-- HOW TO COMPLETE THIS TASK --
From the entries provided below, copy each line that contains the word "einem".

-- EXCERPTED RECORDS --

_ _ _

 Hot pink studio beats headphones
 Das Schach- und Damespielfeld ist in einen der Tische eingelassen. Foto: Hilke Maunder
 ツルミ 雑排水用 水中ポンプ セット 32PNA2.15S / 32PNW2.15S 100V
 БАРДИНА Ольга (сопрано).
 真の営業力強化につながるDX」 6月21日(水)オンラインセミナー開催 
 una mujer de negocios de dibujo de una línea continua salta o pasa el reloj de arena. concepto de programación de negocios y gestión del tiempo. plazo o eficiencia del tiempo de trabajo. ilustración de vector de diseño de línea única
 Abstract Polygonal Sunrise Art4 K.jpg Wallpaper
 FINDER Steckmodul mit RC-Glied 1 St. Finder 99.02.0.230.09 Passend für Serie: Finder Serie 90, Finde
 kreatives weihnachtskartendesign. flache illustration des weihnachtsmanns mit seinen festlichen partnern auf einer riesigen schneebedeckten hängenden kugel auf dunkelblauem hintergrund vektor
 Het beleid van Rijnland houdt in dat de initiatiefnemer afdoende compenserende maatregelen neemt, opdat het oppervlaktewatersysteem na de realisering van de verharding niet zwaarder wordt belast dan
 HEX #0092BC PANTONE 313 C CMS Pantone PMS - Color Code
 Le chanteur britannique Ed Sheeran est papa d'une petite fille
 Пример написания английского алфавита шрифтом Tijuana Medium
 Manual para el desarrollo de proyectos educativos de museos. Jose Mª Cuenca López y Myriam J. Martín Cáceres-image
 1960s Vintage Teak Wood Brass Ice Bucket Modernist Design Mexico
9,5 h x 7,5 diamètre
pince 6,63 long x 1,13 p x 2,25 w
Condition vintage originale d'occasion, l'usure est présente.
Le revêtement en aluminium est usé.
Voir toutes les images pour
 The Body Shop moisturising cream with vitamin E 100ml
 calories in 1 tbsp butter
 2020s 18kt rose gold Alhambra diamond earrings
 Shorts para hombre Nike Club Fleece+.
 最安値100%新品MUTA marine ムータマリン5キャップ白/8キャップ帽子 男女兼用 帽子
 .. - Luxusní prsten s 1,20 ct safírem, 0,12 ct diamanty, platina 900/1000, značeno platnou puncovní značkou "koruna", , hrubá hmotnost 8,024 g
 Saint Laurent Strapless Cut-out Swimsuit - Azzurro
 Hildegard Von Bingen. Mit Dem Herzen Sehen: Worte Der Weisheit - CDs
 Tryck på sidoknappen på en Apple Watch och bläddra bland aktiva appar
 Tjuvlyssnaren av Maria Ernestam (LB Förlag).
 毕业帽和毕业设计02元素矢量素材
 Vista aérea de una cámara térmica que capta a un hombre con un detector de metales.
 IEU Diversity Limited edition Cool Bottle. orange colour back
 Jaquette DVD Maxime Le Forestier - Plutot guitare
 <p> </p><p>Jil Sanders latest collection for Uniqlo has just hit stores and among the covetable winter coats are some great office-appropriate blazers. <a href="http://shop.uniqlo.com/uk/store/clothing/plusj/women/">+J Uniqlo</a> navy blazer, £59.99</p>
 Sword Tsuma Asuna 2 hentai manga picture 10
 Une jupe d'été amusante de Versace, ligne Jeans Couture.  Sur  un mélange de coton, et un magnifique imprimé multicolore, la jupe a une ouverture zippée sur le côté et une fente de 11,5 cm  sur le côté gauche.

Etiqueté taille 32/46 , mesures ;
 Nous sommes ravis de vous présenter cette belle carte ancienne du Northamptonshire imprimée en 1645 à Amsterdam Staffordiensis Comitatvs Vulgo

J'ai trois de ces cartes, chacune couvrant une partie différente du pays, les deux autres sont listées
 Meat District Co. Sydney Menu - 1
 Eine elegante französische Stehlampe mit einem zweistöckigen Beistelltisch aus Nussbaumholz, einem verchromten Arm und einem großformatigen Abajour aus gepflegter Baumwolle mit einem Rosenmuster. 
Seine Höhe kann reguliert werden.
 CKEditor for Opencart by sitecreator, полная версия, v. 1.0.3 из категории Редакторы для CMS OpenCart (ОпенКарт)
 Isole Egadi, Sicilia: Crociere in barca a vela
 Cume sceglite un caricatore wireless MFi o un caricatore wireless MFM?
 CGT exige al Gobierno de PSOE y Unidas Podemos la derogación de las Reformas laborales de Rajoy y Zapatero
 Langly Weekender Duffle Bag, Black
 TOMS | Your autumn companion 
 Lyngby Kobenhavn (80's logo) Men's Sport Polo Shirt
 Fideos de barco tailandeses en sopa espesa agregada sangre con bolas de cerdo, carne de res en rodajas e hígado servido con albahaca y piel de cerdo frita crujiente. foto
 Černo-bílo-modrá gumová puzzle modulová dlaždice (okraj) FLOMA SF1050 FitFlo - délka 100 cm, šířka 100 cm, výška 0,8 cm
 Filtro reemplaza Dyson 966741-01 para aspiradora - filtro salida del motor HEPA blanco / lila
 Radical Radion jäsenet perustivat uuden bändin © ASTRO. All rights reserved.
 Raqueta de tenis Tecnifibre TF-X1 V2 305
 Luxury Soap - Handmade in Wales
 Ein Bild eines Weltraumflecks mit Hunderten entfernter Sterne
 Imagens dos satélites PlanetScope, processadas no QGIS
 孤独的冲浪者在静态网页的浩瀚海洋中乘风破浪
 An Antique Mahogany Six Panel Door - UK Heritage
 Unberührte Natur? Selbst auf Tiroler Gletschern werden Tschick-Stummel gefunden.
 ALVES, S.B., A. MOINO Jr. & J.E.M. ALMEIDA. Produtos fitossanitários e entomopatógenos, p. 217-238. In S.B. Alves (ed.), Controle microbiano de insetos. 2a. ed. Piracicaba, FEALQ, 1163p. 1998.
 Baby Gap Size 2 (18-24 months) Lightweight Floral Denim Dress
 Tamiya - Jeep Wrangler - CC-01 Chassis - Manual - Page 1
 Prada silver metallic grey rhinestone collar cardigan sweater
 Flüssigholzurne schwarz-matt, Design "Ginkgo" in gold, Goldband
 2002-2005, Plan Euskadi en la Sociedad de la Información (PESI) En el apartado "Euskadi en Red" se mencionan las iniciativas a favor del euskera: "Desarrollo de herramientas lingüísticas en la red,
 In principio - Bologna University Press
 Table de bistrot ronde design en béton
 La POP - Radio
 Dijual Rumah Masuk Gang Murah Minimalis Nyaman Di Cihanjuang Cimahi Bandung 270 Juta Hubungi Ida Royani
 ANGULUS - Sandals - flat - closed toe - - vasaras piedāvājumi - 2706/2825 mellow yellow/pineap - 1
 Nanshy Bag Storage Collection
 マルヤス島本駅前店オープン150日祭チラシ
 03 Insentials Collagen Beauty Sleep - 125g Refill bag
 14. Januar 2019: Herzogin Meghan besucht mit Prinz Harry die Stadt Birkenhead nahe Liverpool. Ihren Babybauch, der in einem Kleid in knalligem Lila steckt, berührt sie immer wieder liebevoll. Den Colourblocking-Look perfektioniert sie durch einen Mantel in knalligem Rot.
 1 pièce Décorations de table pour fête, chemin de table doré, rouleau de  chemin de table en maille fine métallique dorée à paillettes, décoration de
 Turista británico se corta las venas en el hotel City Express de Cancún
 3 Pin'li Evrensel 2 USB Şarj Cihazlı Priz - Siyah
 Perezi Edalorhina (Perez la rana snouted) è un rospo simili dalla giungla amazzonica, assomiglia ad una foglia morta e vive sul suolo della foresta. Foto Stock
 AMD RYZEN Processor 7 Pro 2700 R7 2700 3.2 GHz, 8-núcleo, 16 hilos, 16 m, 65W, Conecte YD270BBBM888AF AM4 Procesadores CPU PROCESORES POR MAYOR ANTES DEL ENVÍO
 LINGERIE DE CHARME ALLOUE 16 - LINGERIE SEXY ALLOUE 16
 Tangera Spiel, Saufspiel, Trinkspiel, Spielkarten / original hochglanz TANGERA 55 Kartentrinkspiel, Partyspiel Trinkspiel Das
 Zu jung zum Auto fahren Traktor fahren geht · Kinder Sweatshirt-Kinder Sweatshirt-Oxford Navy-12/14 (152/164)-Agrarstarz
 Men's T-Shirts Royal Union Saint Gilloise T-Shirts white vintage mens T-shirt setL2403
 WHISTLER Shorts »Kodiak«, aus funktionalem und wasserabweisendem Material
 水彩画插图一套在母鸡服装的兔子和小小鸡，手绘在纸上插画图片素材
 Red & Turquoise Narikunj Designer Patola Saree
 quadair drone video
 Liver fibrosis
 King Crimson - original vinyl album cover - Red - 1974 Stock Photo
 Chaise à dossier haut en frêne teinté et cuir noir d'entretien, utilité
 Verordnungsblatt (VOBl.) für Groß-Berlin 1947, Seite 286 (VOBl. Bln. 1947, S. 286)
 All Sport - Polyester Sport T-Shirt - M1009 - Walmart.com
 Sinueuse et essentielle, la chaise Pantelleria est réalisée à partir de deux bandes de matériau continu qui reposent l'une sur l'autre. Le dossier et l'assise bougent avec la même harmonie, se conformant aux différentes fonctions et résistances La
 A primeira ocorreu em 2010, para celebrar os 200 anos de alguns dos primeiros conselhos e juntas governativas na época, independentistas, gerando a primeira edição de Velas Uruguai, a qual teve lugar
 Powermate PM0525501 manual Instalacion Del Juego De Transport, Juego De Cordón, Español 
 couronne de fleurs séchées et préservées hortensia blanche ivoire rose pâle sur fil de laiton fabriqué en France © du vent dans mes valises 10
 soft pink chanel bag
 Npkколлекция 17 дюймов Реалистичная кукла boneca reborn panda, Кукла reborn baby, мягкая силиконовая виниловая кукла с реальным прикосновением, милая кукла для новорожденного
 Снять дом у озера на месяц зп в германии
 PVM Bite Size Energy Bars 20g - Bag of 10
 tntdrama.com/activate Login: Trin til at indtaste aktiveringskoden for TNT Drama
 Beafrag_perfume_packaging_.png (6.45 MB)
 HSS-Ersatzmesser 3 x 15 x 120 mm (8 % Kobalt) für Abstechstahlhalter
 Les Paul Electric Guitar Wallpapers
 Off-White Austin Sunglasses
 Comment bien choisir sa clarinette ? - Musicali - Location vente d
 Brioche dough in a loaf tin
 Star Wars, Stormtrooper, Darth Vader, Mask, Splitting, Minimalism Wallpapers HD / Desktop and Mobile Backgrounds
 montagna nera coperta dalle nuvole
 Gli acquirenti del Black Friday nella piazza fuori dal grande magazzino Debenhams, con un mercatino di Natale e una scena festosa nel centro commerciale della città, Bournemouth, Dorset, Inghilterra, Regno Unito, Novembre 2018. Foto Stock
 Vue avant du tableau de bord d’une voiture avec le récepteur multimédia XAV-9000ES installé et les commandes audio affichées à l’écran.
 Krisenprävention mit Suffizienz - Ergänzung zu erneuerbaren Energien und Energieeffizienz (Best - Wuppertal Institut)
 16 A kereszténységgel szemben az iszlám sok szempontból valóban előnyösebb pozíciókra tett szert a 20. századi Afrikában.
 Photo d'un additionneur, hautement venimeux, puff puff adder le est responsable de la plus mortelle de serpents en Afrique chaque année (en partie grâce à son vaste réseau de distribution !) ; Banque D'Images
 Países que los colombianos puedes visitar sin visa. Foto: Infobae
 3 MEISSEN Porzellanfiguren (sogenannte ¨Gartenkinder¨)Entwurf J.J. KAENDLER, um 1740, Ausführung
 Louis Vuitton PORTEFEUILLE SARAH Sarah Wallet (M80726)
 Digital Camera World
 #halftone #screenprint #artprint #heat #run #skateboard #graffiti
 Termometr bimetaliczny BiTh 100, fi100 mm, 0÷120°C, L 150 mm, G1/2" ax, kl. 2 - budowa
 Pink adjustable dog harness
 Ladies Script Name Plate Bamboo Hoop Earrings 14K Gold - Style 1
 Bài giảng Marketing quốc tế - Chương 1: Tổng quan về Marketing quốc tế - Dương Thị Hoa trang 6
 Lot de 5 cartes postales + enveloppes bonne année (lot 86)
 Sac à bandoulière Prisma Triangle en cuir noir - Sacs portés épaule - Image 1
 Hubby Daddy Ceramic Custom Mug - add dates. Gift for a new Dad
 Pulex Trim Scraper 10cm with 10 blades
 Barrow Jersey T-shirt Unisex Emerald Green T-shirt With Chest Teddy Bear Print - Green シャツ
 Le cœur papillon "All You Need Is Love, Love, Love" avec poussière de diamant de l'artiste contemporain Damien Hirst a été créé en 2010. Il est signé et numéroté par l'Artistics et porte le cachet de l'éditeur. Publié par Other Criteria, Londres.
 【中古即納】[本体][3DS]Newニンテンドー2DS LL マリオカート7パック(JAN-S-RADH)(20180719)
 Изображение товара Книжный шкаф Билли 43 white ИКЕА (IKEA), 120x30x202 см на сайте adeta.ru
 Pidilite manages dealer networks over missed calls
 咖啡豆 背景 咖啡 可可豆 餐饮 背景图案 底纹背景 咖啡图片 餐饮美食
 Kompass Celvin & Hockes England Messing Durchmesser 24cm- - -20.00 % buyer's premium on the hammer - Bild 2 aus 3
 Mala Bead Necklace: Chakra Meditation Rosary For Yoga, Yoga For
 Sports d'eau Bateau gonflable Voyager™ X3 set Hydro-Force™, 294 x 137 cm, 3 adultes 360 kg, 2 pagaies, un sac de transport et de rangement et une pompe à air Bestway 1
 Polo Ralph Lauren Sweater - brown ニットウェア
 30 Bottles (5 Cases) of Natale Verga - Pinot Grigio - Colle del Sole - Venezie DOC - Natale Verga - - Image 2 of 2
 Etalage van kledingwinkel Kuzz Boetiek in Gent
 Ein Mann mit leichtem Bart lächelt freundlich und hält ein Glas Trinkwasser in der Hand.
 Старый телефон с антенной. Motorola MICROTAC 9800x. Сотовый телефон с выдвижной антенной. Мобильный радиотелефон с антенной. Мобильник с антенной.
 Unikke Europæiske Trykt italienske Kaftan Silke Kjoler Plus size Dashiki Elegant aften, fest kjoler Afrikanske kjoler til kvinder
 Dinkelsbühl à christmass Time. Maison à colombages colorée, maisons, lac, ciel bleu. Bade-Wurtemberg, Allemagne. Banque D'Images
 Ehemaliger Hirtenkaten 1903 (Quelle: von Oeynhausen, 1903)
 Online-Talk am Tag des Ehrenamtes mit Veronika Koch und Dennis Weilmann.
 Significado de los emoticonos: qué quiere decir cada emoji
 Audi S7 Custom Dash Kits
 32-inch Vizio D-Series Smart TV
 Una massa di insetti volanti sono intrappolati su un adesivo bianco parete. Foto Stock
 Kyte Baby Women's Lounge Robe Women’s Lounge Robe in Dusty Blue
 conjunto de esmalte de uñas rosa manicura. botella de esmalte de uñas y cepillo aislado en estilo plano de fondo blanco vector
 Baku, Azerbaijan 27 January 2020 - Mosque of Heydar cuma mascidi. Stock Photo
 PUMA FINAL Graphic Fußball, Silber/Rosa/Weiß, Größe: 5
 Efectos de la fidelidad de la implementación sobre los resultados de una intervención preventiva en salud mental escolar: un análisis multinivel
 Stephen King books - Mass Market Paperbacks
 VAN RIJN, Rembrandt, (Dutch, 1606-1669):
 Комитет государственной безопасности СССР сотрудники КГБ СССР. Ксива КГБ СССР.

_ _ _

-- PROBLEM SOLUTION --
 Eine elegante französische Stehlampe mit einem zweistöckigen Beistelltisch aus Nussbaumholz, einem verchromten Arm und einem großformatigen Abajour aus gepflegter Baumwolle mit einem Rosenmuster. 
 14. Januar 2019: Herzogin Meghan besucht mit Prinz Harry die Stadt Birkenhead nahe Liverpool. Ihren Babybauch, der in einem Kleid in knalligem Lila steckt, berührt sie immer wieder liebevoll. Den Colourblocking-Look perfektioniert sie durch einen Mantel in knalligem Rot.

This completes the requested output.